Week three of Autumn Songs brings us to Fairport Convention, England's answer to Jefferson Airplane and Richard Thompson & Ian Matthews' earliest claim to fame. I've probably stated it multiple times elsewhere in this blog, but my two favorite forms of music from birth to now were 1960's folk-rock and 1970's punk-rock. Everything else I like grows out of those two forms.
(sidenote question - Has there ever, in the history of television, been a rock & roll performer more
ill-at-ease onscreen than Fairport singer Judy Dyble in the first 35 seconds of this video clip?)
inspirational verse; "I don't know which to go by; my mind or my heart /
And this is so confusing, it's tearing me apart" - Emmitt Rhodes, 1967
And this is so confusing, it's tearing me apart" - Emmitt Rhodes, 1967
ps. While we're (kinda) on the subject of folk-rock and pop music, the record from which Fairport Convention would have learned "Time Will Show The Wiser" was by a band called The Merry-Go- Round, led by Emmitt Rhodes, who later had a Beatle-esque (or, perhaps more accurately, a Paul McCartney-esque) hit in the 1970's with "Fresh As A Daisy." I'm not sure if The Merry-Go-Round record was ever issued on CD or is available for download (in true SNL Weekend Update Drunk Uncle fashion, I don't do downloads - "Spotify me! Spotify me!"), but it's a prime example of the style of great elevated-Monkees style Southern California pop records that were totally obliterated by the Haight-Ashbury Summer Of Love ilk of (shudder) The Grateful Dead and Quicksilver Messenger Service. Once the hippies and nascent prog-rockers stuck their stoned maws into my beloved rock & roll things were just never gonna the same. I believe to this day that rock & roll's most perfect form of expression was the 3-minute 45 rpm single. If you could not make a statement in six minutes over two sides, that statement didn't need made. Albums suck.
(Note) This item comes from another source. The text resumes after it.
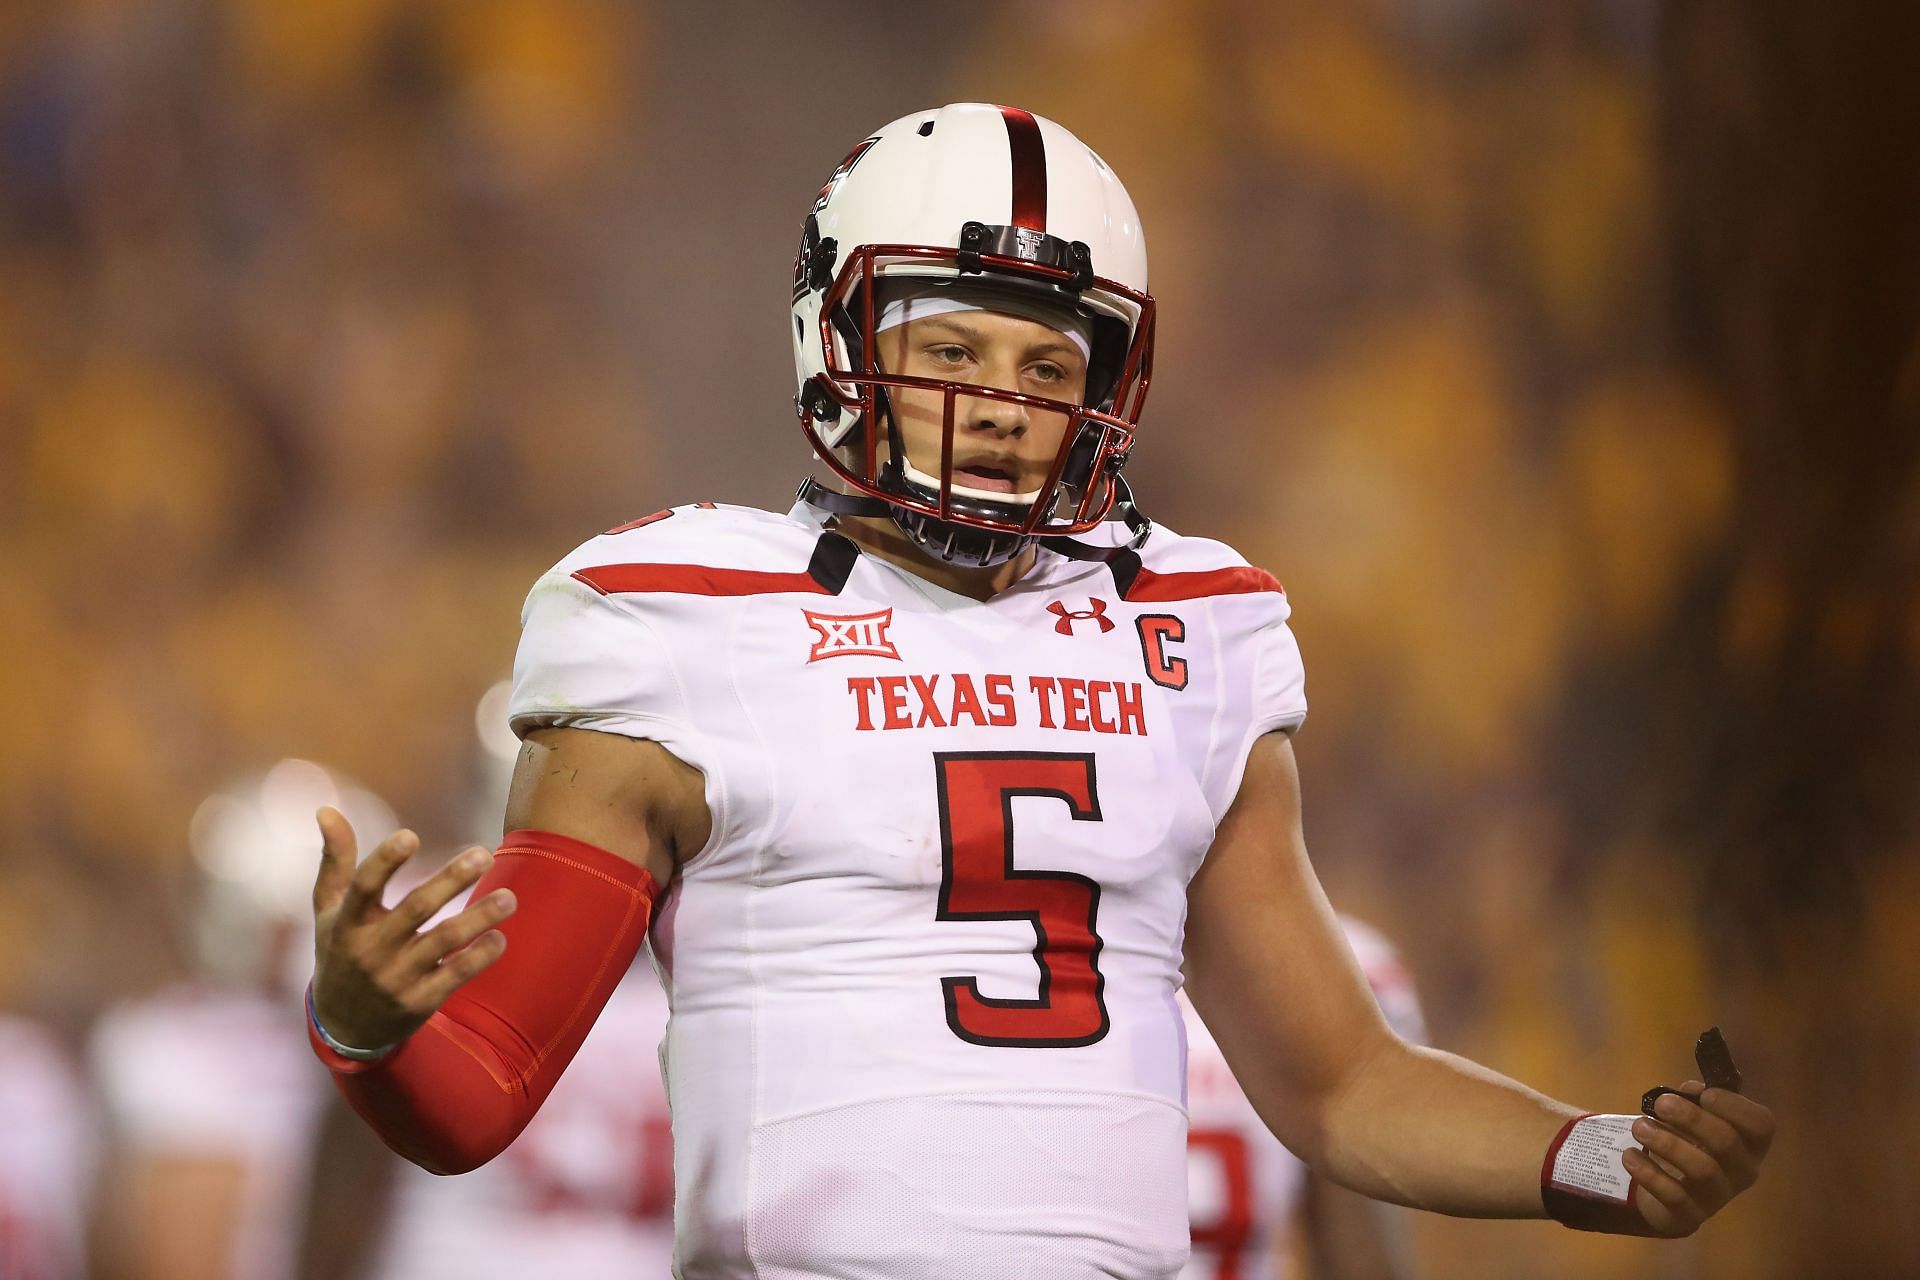 Mahomes opted to attend Texas Tech University over a draft offer to play baseball for the Detroit Tigers which propelled his football career.

Actually the record I mainly blame for introducing pretentious navel-gazing into rock & roll is The Beatles' (hopelessly artsy, overrated) Sgt. Pepper's Lonely Hearts Club Band, but I'm not going to state that in print because I have roadie gigs coming up with Colin Gawel & The Lonely Bones and I don't wanna have to argue all night with Rick Kinsinger about that record.
© 2013 Ricki C.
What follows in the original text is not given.